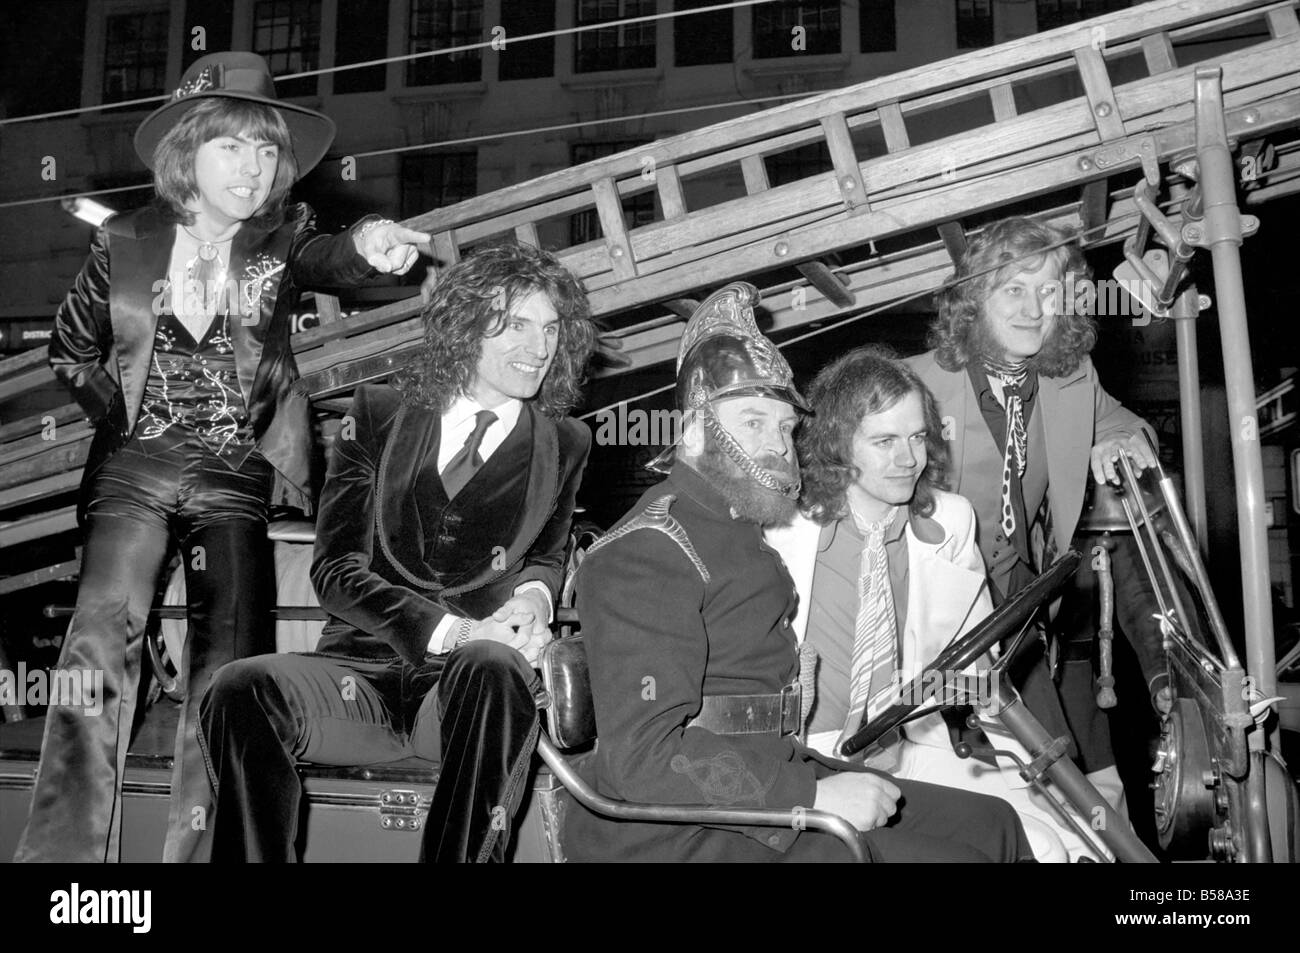 The Slade pop group on fire engine. L to R Dave Hill, Don Powell, Jimmy Lea, Noddy Holder. February 1975 75-00872-002 Stock Photo
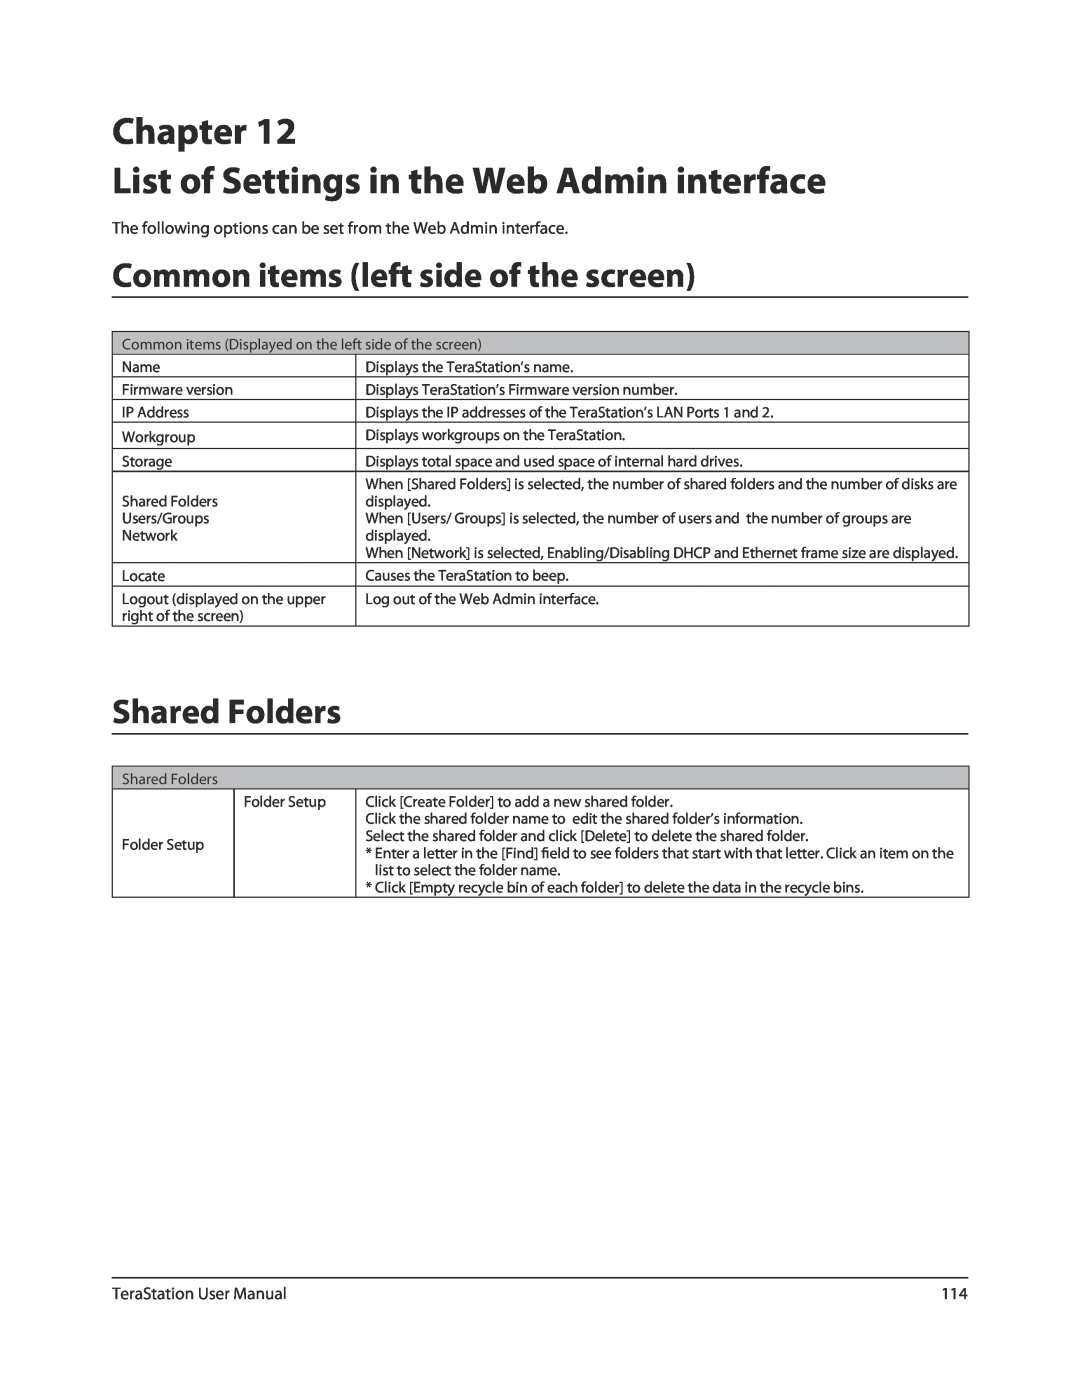 Buffalo Technology TS-RXL Chapter List of Settings in the Web Admin interface, Common items left side of the screen 
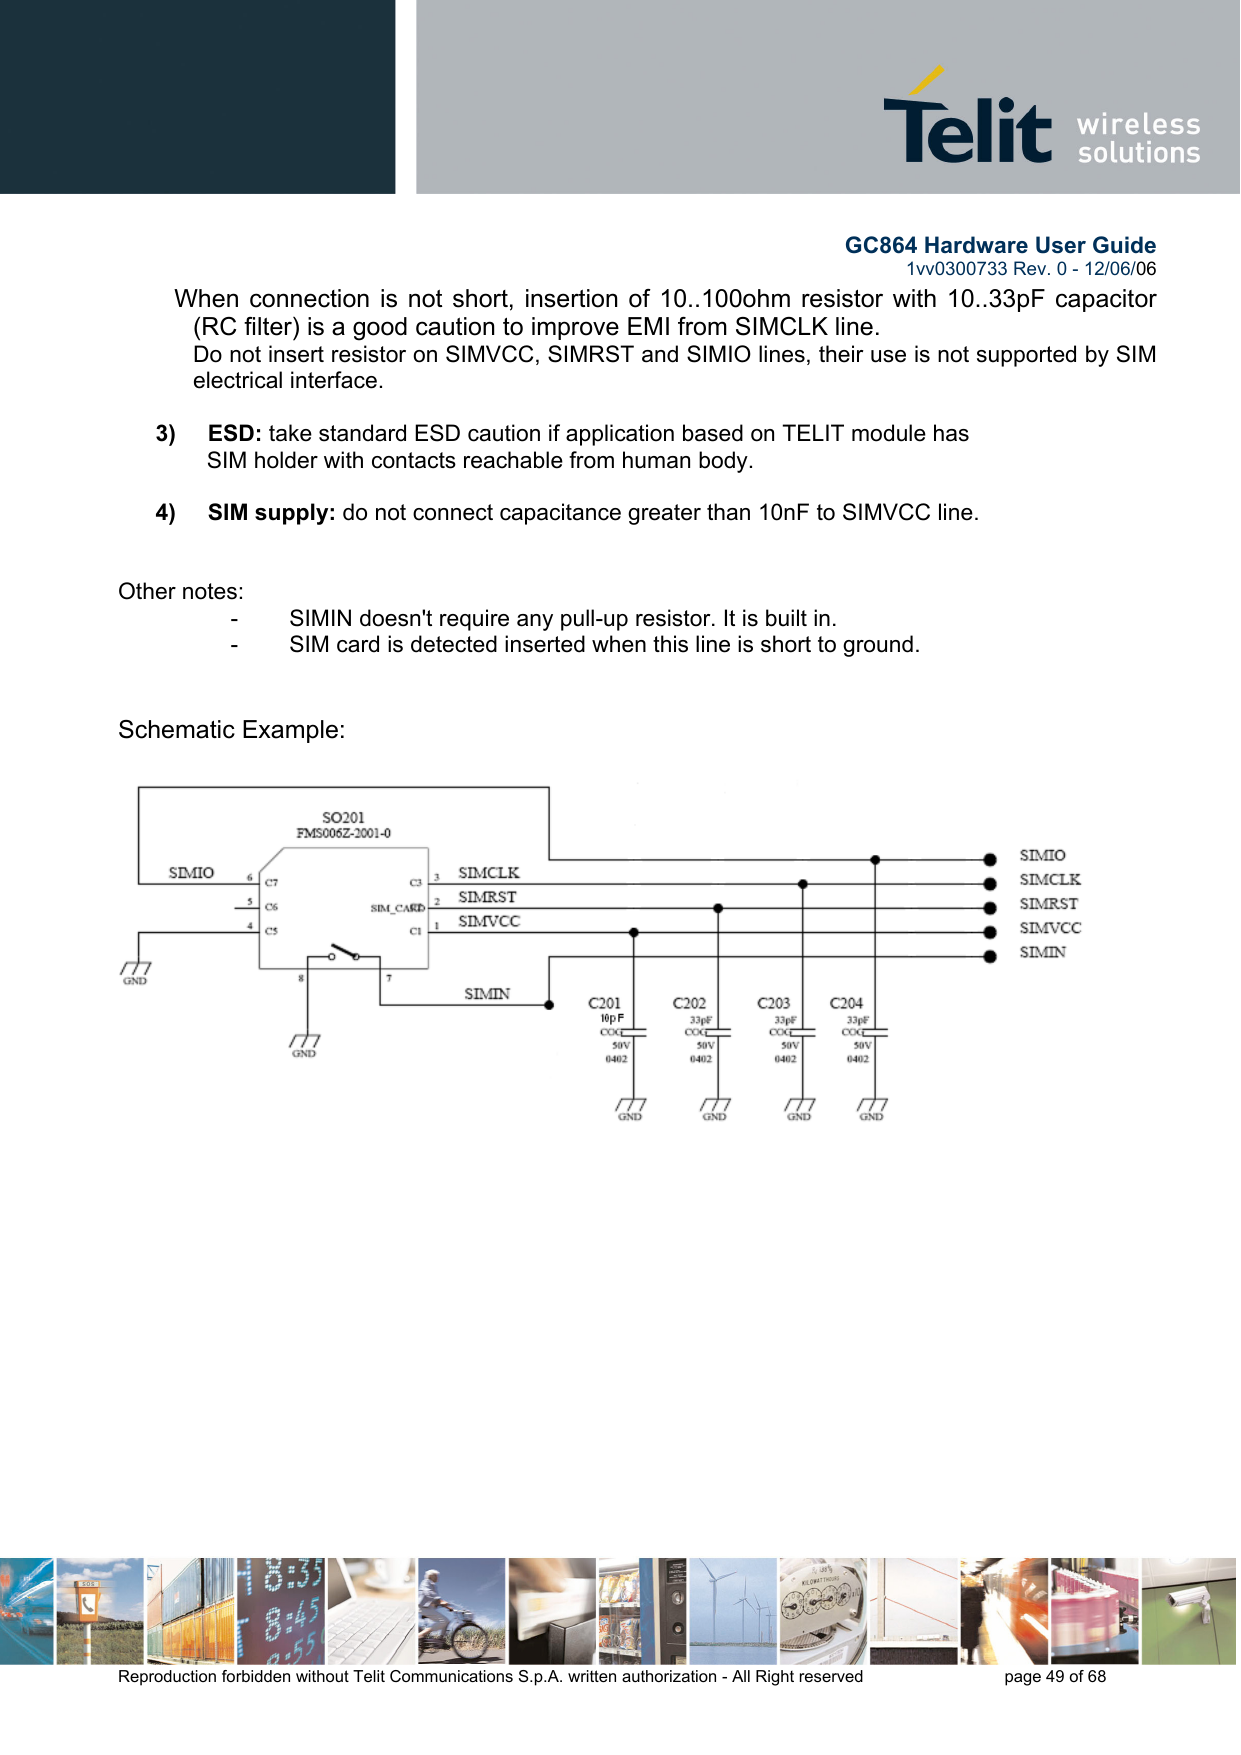        GC864 Hardware User Guide  1vv0300733 Rev. 0 - 12/06/06  Reproduction forbidden without Telit Communications S.p.A. written authorization - All Right reserved    page 49 of 68  When connection is not short, insertion of 10..100ohm resistor with 10..33pF capacitor (RC filter) is a good caution to improve EMI from SIMCLK line. Do not insert resistor on SIMVCC, SIMRST and SIMIO lines, their use is not supported by SIM electrical interface.  3)     ESD: take standard ESD caution if application based on TELIT module has      SIM holder with contacts reachable from human body.   4)     SIM supply: do not connect capacitance greater than 10nF to SIMVCC line.    Other notes: -        SIMIN doesn&apos;t require any pull-up resistor. It is built in. -        SIM card is detected inserted when this line is short to ground.    Schematic Example:

→ **TASK DETAILS**
Without the pictures, transcribe the listing exactly as it stands.

→ **SOLUTION TO THE EXERCISE**
 The Slade pop group on fire engine. L to R Dave Hill, Don Powell, Jimmy Lea, Noddy Holder. February 1975 75-00872-002 Stock Photo
 Buffalo Technology TS-RXL Chapter List of Settings in the Web Admin interface, Common items left side of the screen 
        GC864 Hardware User Guide  1vv0300733 Rev. 0 - 12/06/06  Reproduction forbidden without Telit Communications S.p.A. written authorization - All Right reserved    page 49 of 68  When connection is not short, insertion of 10..100ohm resistor with 10..33pF capacitor (RC filter) is a good caution to improve EMI from SIMCLK line. Do not insert resistor on SIMVCC, SIMRST and SIMIO lines, their use is not supported by SIM electrical interface.  3)     ESD: take standard ESD caution if application based on TELIT module has      SIM holder with contacts reachable from human body.   4)     SIM supply: do not connect capacitance greater than 10nF to SIMVCC line.    Other notes: -        SIMIN doesn&apos;t require any pull-up resistor. It is built in. -        SIM card is detected inserted when this line is short to ground.    Schematic Example:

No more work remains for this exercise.